Toussaint Louverture and the Undermining of the Haitian Revolution
Abstract
This work using a structurationist, structural Marxist, phenomenological structuralism, understanding of practical consciousness constitution, explores the origins and basis for the Haitian Revolutionary leader, Toussaint Louverture’s (May 20, 1743-April 1, 1803), social, political, and economic policies. The eldest son of an Arada King, Toussaint Louverture, was a creole-slave born on the island of Saint-Domingue/Haiti. As the eventual leader of the Revolution from 1794-1801, Louverture attempted to have the island remain an independent French territory where slavery was outlawed, but the export-oriented plantation economy, with the slave trade, persisted. He, essentially, adopted the position of the French Royalists, the white plantation owners who wanted more autonomy from France and its “exclusif” mercantile economic system, which forced them to trade and do business exclusively with French merchants and bankers.
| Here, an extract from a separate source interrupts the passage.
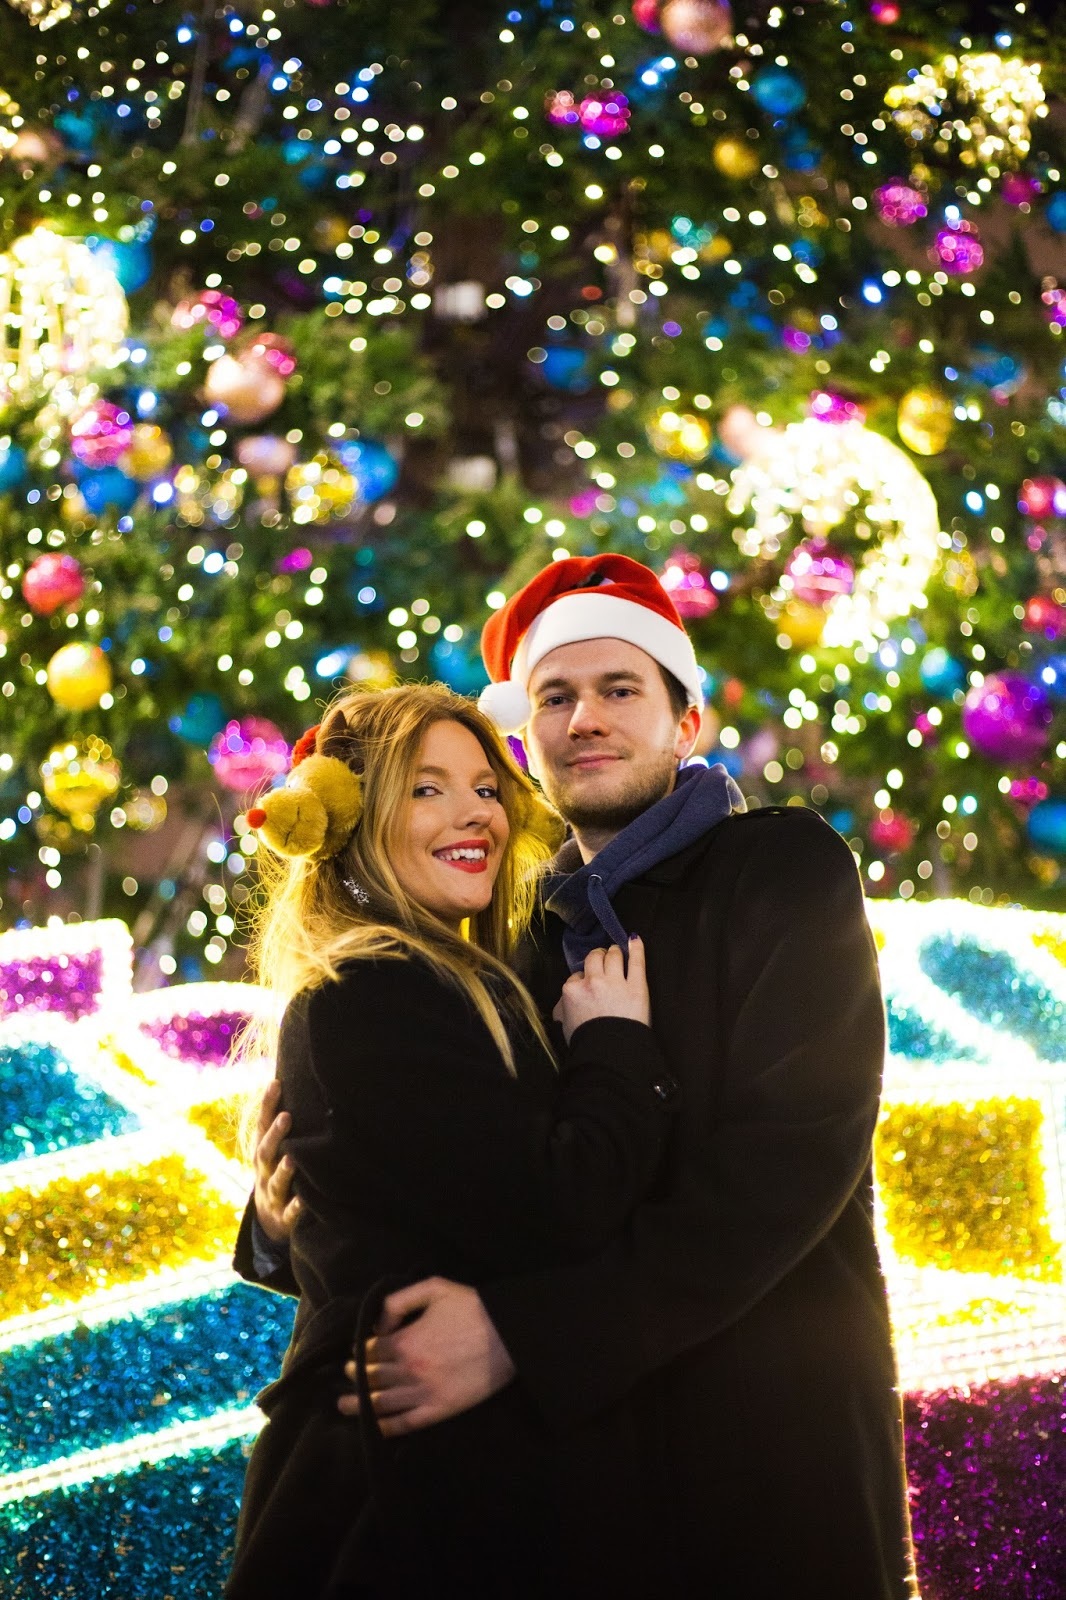 17 jakub0107 fotograf fotografia świąteczne sesje zdjęciowe melodylaniella zima christmas photography blog lifestyle
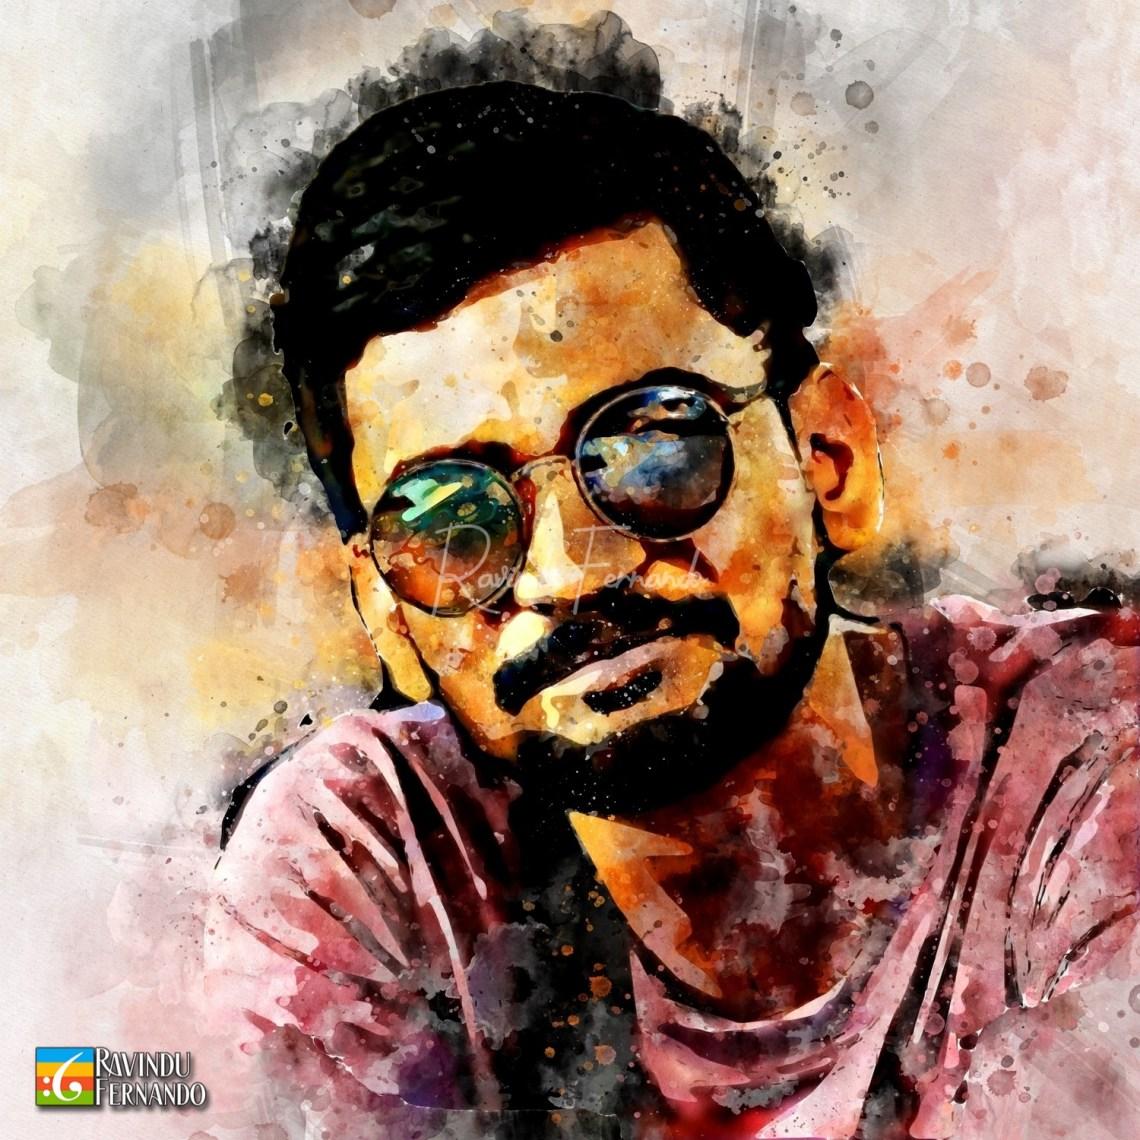 Randika Gunathilake - Digital Watercolor Painting

Although, Louverture’s demeanor and position is typically juxtaposed against his successor, Jean-Jacques Dessalines, all subsequent leaders, I argue here, would go on to adopt Louverture’s policies, the export-oriented agricultural economy, with variations based on who (mulattoes or members of the black grandon class) should serve in the position of the white planters once independence was declared from France in 1804. This decision, to maintain Louverture’s political and economic policies as opposed to redistributing the land to the African masses so that they can pursue their subsistence agriculture and komes, I conclude, has undermined the Revolutionary impetus of the Haitian Revolution and converted Haiti into the so-called poorest (periphery) country in the Western Hemisphere.